On December 27, 2012, we entered into an At Market Sales Issuance Agreement (“December 2012 AMI Agreement”) with MLV & Co. LLC (“MLV”), pursuant to which we may sell shares of our common stock through MLV, as agent, for aggregate gross proceeds of up to $75,000,000, in registered transactions from our shelf registration statement on Form S-3 (File No. 333-180028), which was declared effective by the SEC on April 12, 2012. During the six months ended October 31, 2014, we sold 2,721,535 shares of common stock at market prices under the December 2012 AMI Agreement for aggregate gross proceeds of $4,326,000 before deducting commissions and other issuance costs of $113,000. As of October 31, 2014, aggregate gross proceeds of up to $1,878,000 remained available under the December 2012 AMI Agreement.

On June 13, 2014, we entered into an At Market Issuance Sales Agreement (“June 2014 AMI Agreement”), with MLV, pursuant to which we may sell shares of our common stock through MLV, as agent, for aggregate gross proceeds of up to $25,000,000, in registered transactions from our shelf registration statement on Form S-3 (File No. 333-180028).

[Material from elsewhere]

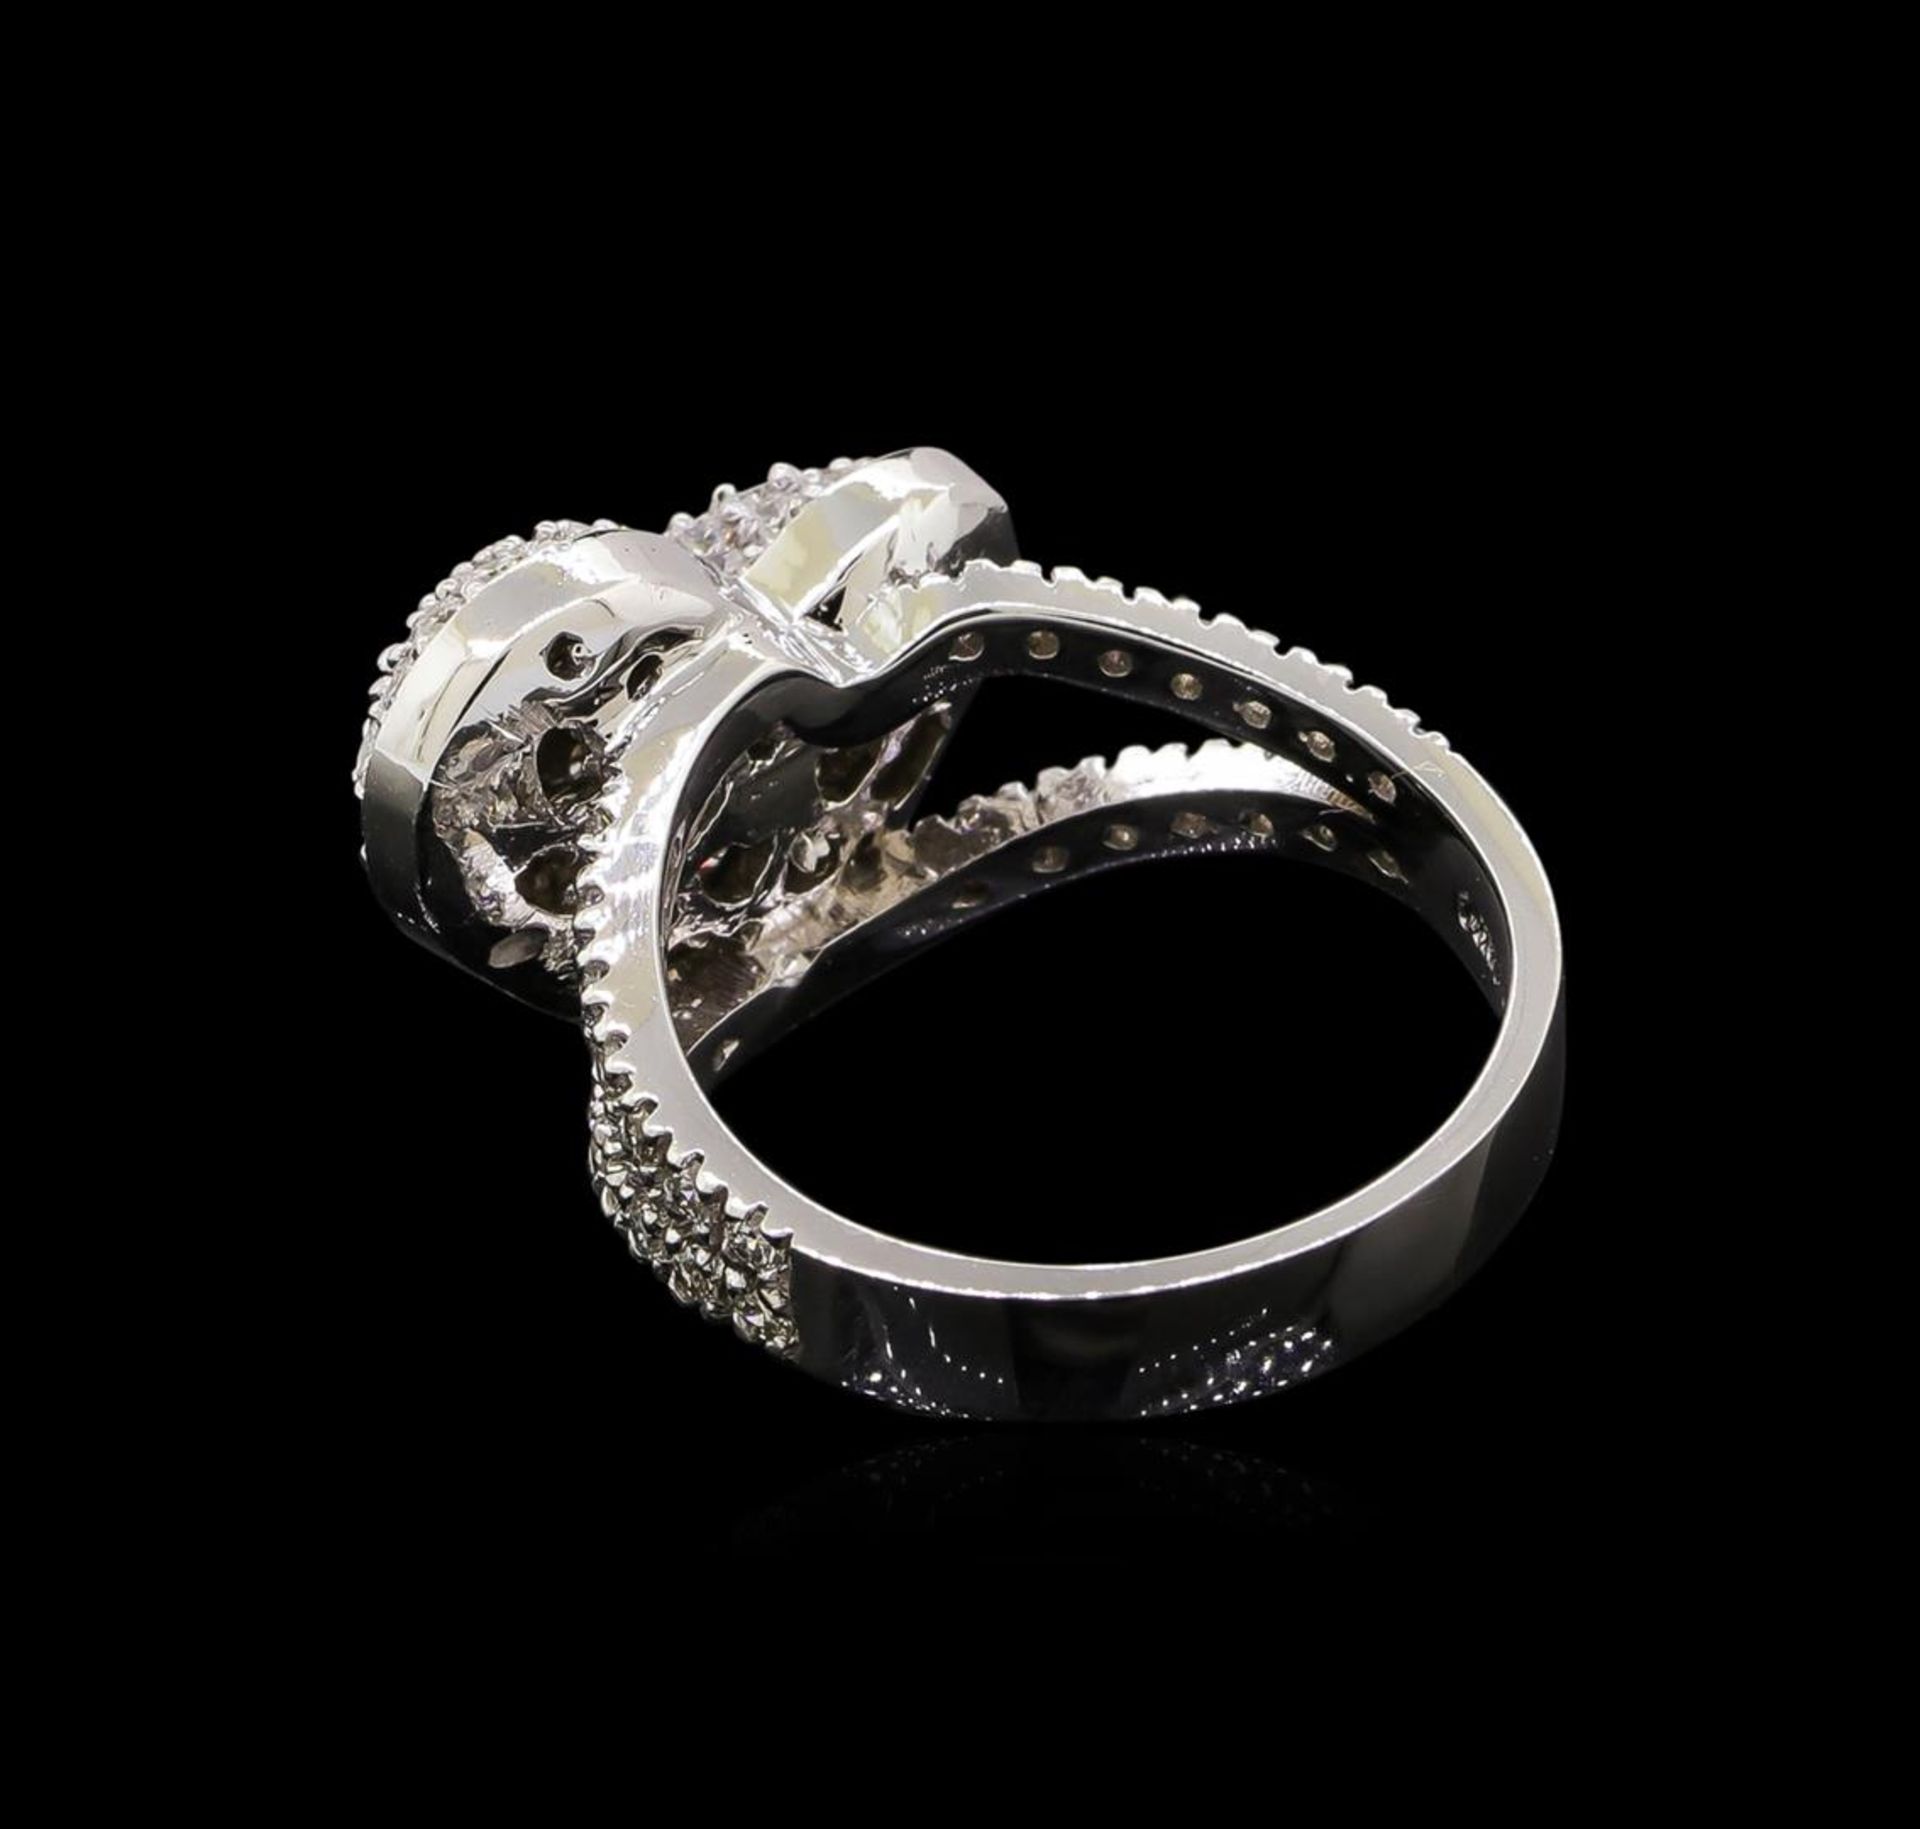 14KT White Gold 1.01 ctw Diamond Ring - Image 3 of 5
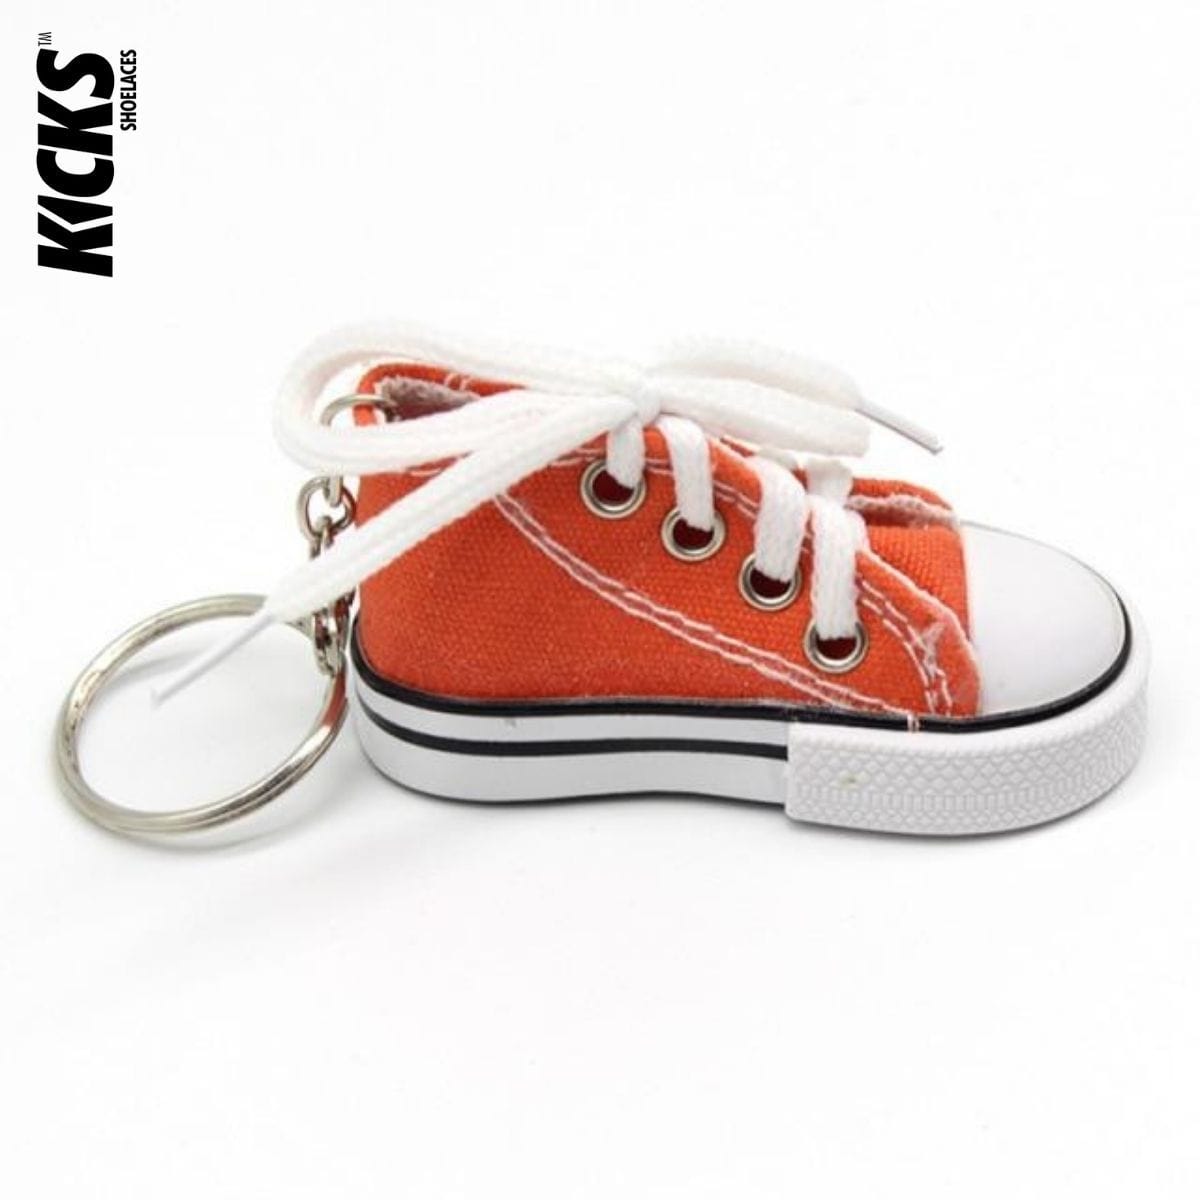 orange-high-top-sneaker-keychain-perfect-gift-best-charm-accessories.jpg

As of October 31, 2014, we had not sold any shares of common stock under the June 2014 AMI Agreement.

Preferred Stock

On June 13, 2014, we entered into a separate At Market Issuance Sales Agreement (“Series E AMI Agreement”) with MLV, pursuant to which we may issue and sell shares of our Series E Preferred Stock through MLV, as agent, for aggregate gross proceeds of up to $30,000,000, in registered transactions from our shelf registration statement on Form S-3 (File No. 333-193113), which was declared effective by the SEC on January 16, 2014. During the six months ended October 31, 2014, we sold 402,858 shares of our Series E Preferred Stock at market prices under the Series E AMI Agreement for aggregate gross proceeds of $10,070,000 before deducting commission and other issuance costs of $552,000. As of October 31, 2014, aggregate gross proceeds of up to $19,930,000 remained available under the Series E AMI Agreement.